Лёня отходит в сторону. Войдя в лифт, я вижу, что верхний ролик выскочил из паза. Приподнимаю дверь, ставлю на место и говорю Веронике:
– Ну-ка, попробуйте теперь.
Вероника тычет кнопку, двери смыкаются, и лифт ползет вверх.
– Сэ… сэ… спасибо! – шепчет Рита.
Я беру ее руку и тихонько пожимаю. Рука у Риты влажная, вялая, как тряпочка. Поднимаю глаза и вижу, что Вероника пристально смотрит на меня из угла лифта. Она не отводит глаз, пока лифт не останавливается на втором этаже.
Лёня уже здесь. Он пробежал два пролета лестницы, но выглядит так, словно одолел марафон – кашляет, хрипит, согнувшись пополам и уперев руки в колени.
– Ну ты че… чего, дурила! – говорит ему Рита.
– Отец Глеб, а как вас раньше звали? – Алеша смотрит на меня своими прозрачными, бесцветными глазами. – Я же знаю, что священникам дают другое имя.
– Не всем, – говорю я. – Только тем, которые становятся монахами.
– А вы, значит, монах… – говорит Алеша. – Какое же ваше старое имя?
– Константин.
– А Дина Маратовна называет вас Глеб Денисович. Так можно?

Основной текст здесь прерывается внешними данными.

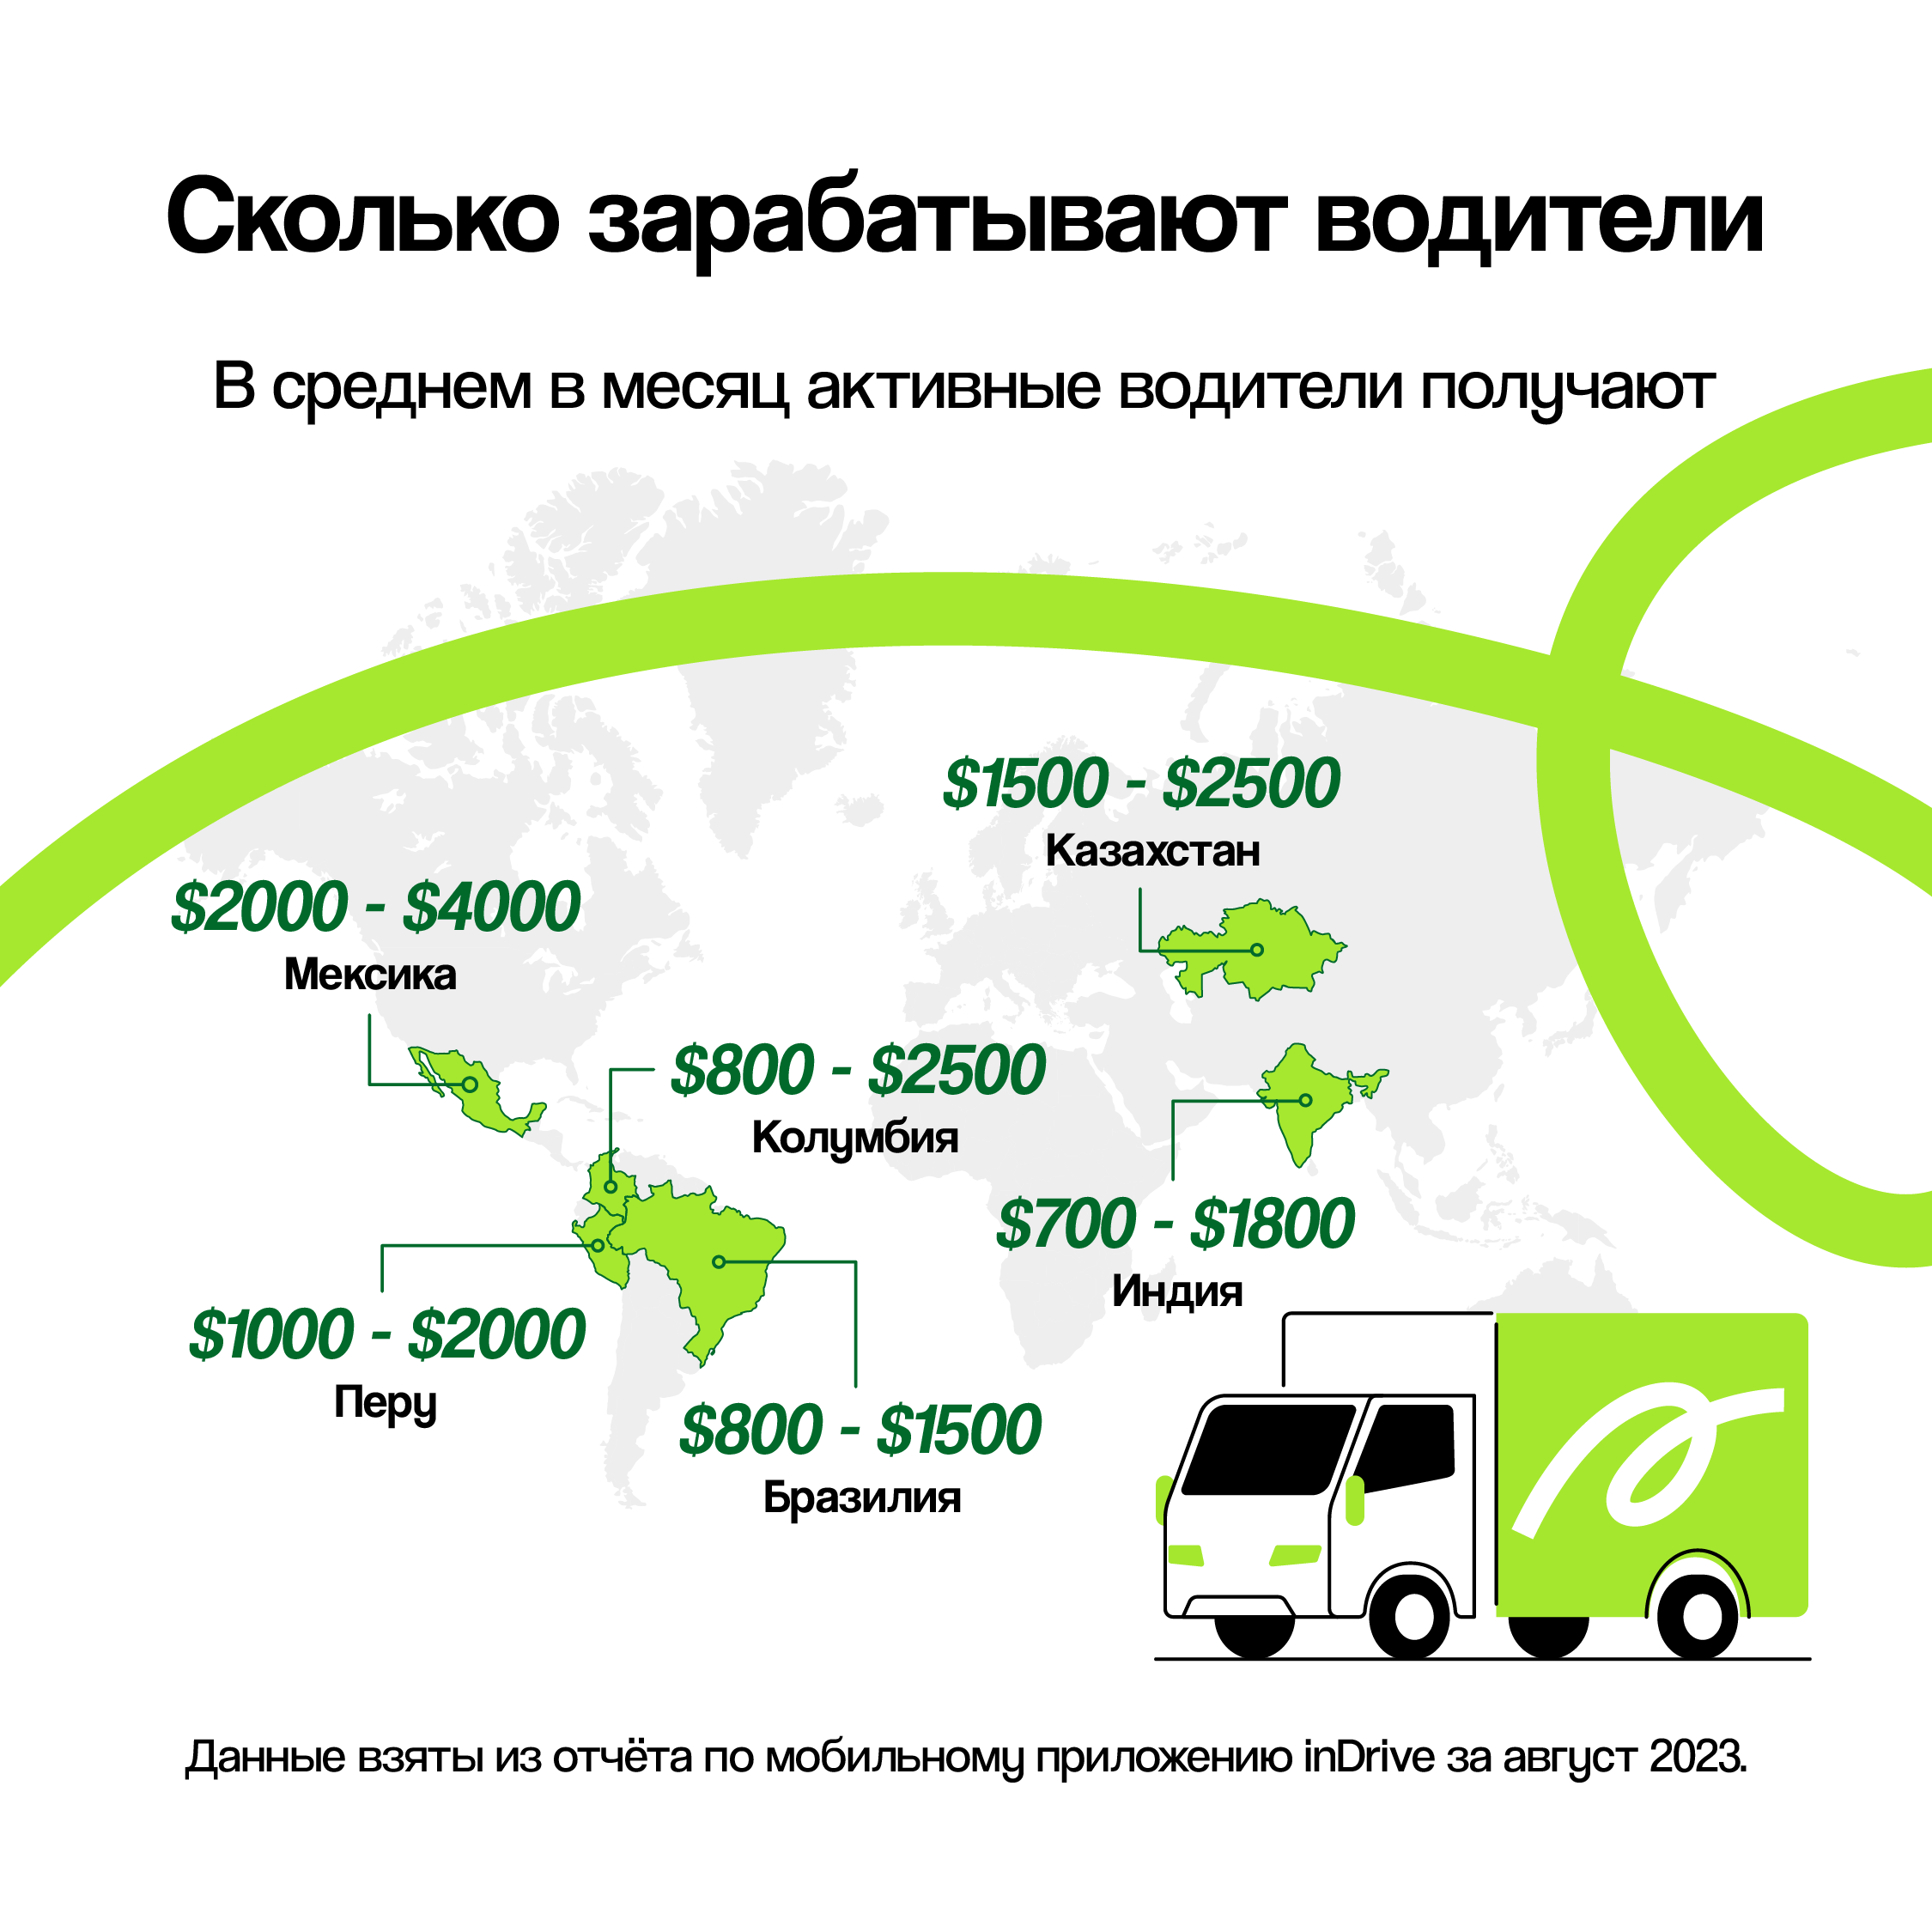 Исследование: водители грузовых автомобилей в Казахстане зарабатывают до $2500 в месяц

– Она спросила, как мое отчество, я сказал… Ничего, можно, конечно… Знаешь, как раньше говорили: хоть горшком назови, только в печку не ставь…
Алеша слабо улыбается, прикрыв веки. Он весь кажется прозрачным – почти как трубка капельницы, которая тянется ему под ключицу. В трубке капает лекарство. Алеша скоро уснет. У всех детей с СГД нарушается цикл сна и бодрствования – они спят часто и помалу, а на поздних стадиях болезни совсем перестают спать без снотворного.
– У нас будет фейерверк на Пасху? – спрашивает Алеша.
– Нет, – говорю я растерянно.
– А на Новый год был, – вздыхает он. – Такой красивый… Это мама для нас прислала. Хотите, я напишу ей, и она еще пришлет, на Пасху…
– Алеша, – говорю я, – на Пасху не делают фейерверк. Это для других праздников.
– Почему? – огорченно говорит Алеша. – Разве Пасха грустнее других праздников?
– Гм… Нет, Пасха – радостный праздник. Просто есть такие вещи – традиции. Это как бы правила – что делают и чего не делают.
– А-а-а, – разочарованно тянет Алеша. – Значит, на Пасху другая традиция…
Я стараюсь не показать, что спешу, хотя уже ерзаю на стуле. Мне пора идти в храм, начинать службу… Алеша не засыпает, только глаза покраснели и блестят. Он долго молчит, смотрит в окно, за которым небо едва начинает сереть.
– Ангел сказал, что я скоро умру.
Он переводит взгляд на меня, с волнением ждет.
– А что именно сказал ангел? – осторожно спрашиваю я.
– Сказал, что я должен приготовиться. Еще сказал: отец Глеб знает, что нужно делать… Я не боюсь, там – ангел… Он ведь там, правда?
Я киваю, а сам лихорадочно пытаюсь придумать, как повернуть этот разговор.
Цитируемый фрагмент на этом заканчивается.